AU DEBUT ÉTAIT LEAR, GENESE D’UN DELIRE
Marianne Hansé. En septembre, on a réécrit la pièce de Shakespeare en langage moderne. Et en octobre, on a essayé de
jouer ça. Puis on s’est dit : « Boulechite, on s’emmerde ici ! C’est là qu’on a pété les plombs, qu’on a mis notre tête à
couper en-dessous de la main de Johan. On a gardé le noyau original de la pièce – le drame cruel de l’égoïsme, du pouvoir et de l’amour – et on lui a refait une jeunesse.
Jean Debefve. Le Lear de Shakespeare est perdu dans la lande. En Belgique, c’est pas dans la lande qu’on se perd, mais
dans les cafés…
Didier de Neck. Il a fallu un long travail pour arriver à sortir Lear de son passé. Il arrive dans notre présent avec le
même problème qu’il y a quatre cents ans – un problème de solitude, d’amour, d’injustice. Et il percute de plein fouet
notre réalité. La question qu’on s’est posé avec Johan c’est « Que veut dire Lear aujourd’hui ? » Au début, nous sommes
partis en tous sens. Mais dès qu’on a trouvé la métaphore du café comme métaphore du monde, tous s’est mis en place.
Johan Dehollander – metteur en scène. Lear est en haut de la pyramide. Il a sa propre notion de la justice. Il est dans
son monde. In ne connaît pas le bas. Le café, c’est le bas. Et il va le découvrir. Les personnages de « King Lear kon
hier » trouvent leur origine dans la pièce de Shakespeare. Mais ils sont entrés en collision avec les mondes de Bunuel,
Hartley, Deutsch, Carver…
ENTRE BRUXELLES ET GAND, RENCONTRE DES MONDES
Didier de Neck. Johan nous a beaucoup montré son monde. Et il est venu vers les nôtres. Mais cette rencontre dépasse
le clivage francophones Flamands. Chacun est en fait allé vers l’autre. Le travail fut avant tout une histoire de gens qui
se rencontrent. Cependant, il y a en Flandre un autre rapport au concret – beaucoup plus intégré à l’art. C’est une chose
qu’on a aussi découverte dans le jeu, en travaillant avec Johan.

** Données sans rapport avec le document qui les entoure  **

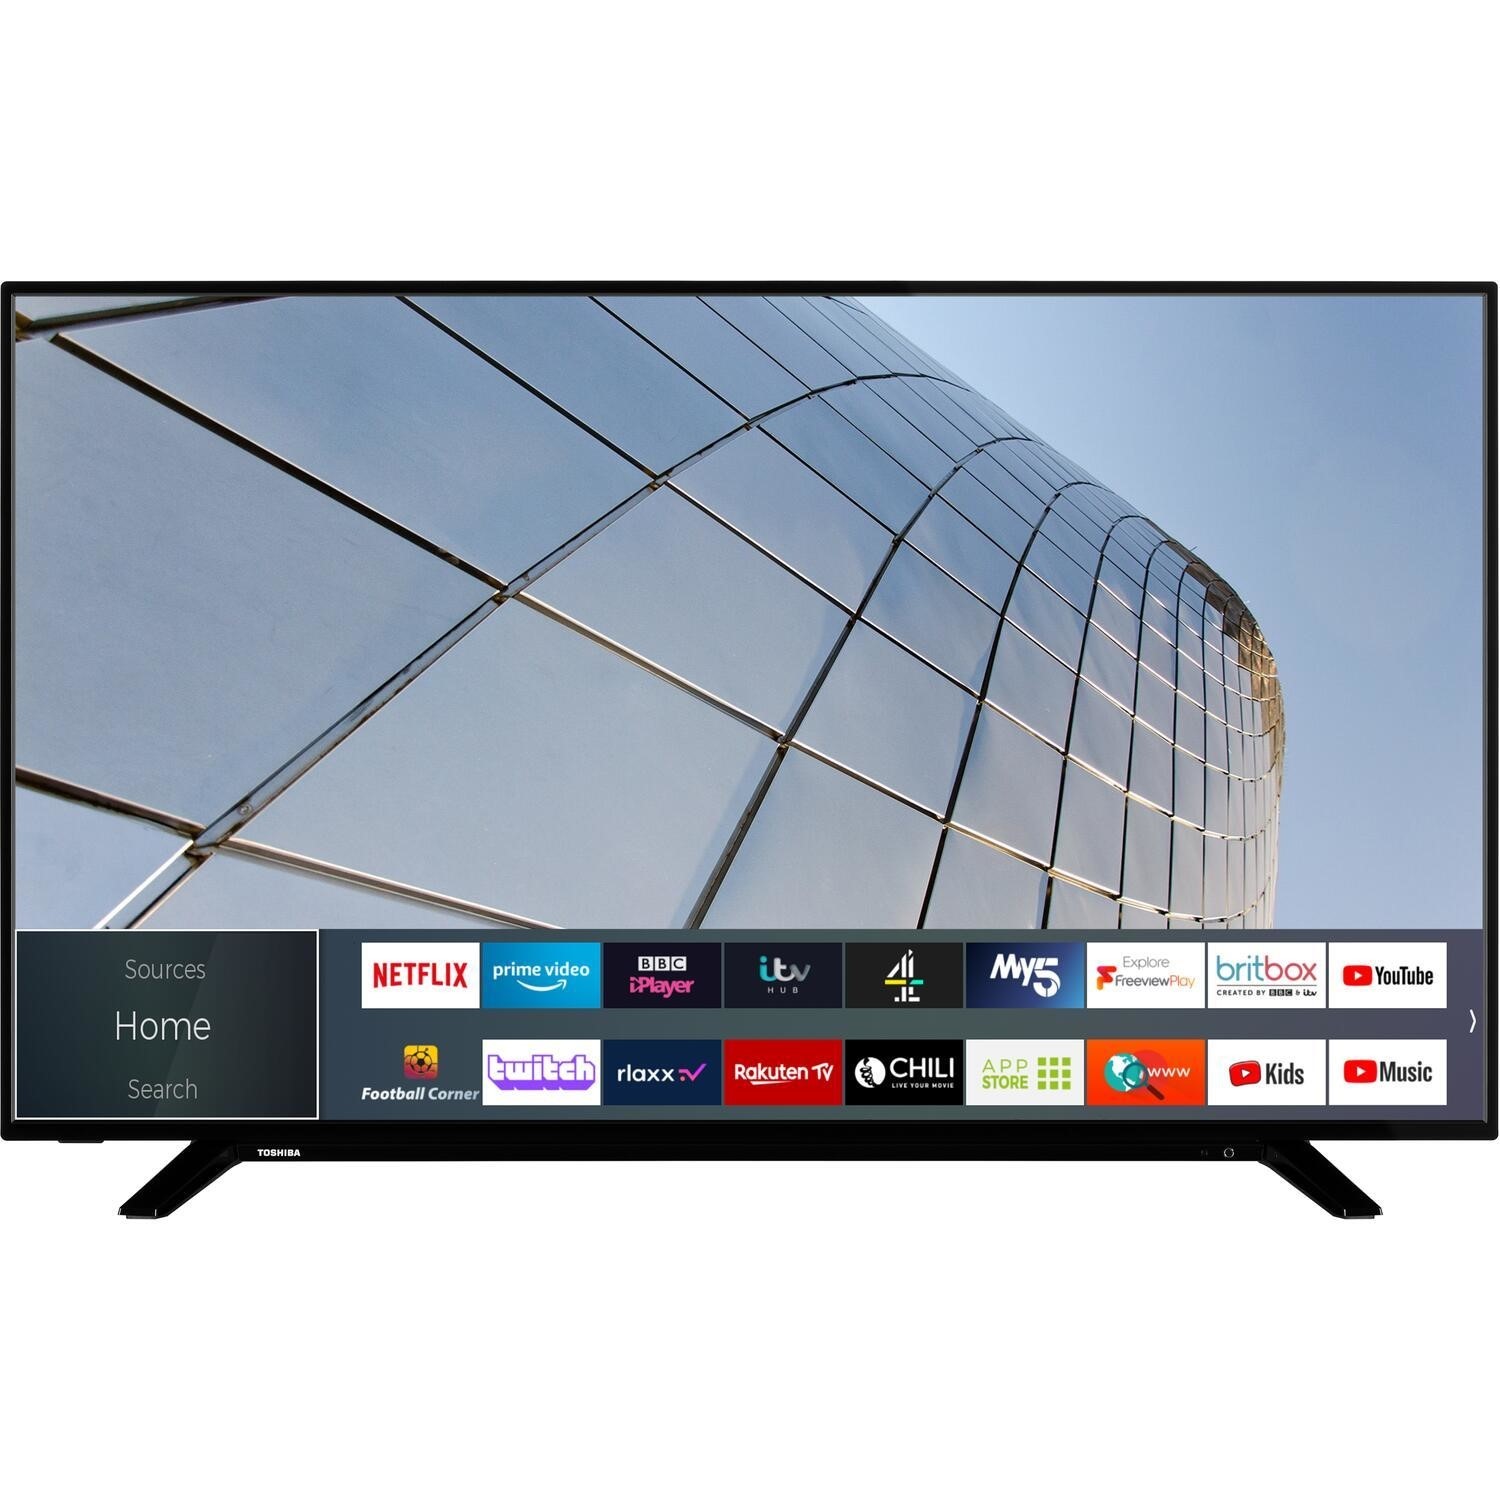 Toshiba UL21 55 Inch 4K HDR Freeview LED Smart TV

Justice, fric, politique, pouvoir, désir d’amour… Les quêtes humaines vont se noyer dans les eaux troubles du quotidien
au fil de « King Lear Kom hier ». La couronne du roi fond. Elle est de glace, comme nos rêves de gloire et de domination. Un vent surréaliste se lève sur la Flandre… Une aventure shakespearienne post-moderne prend corps au Nieuwportteater.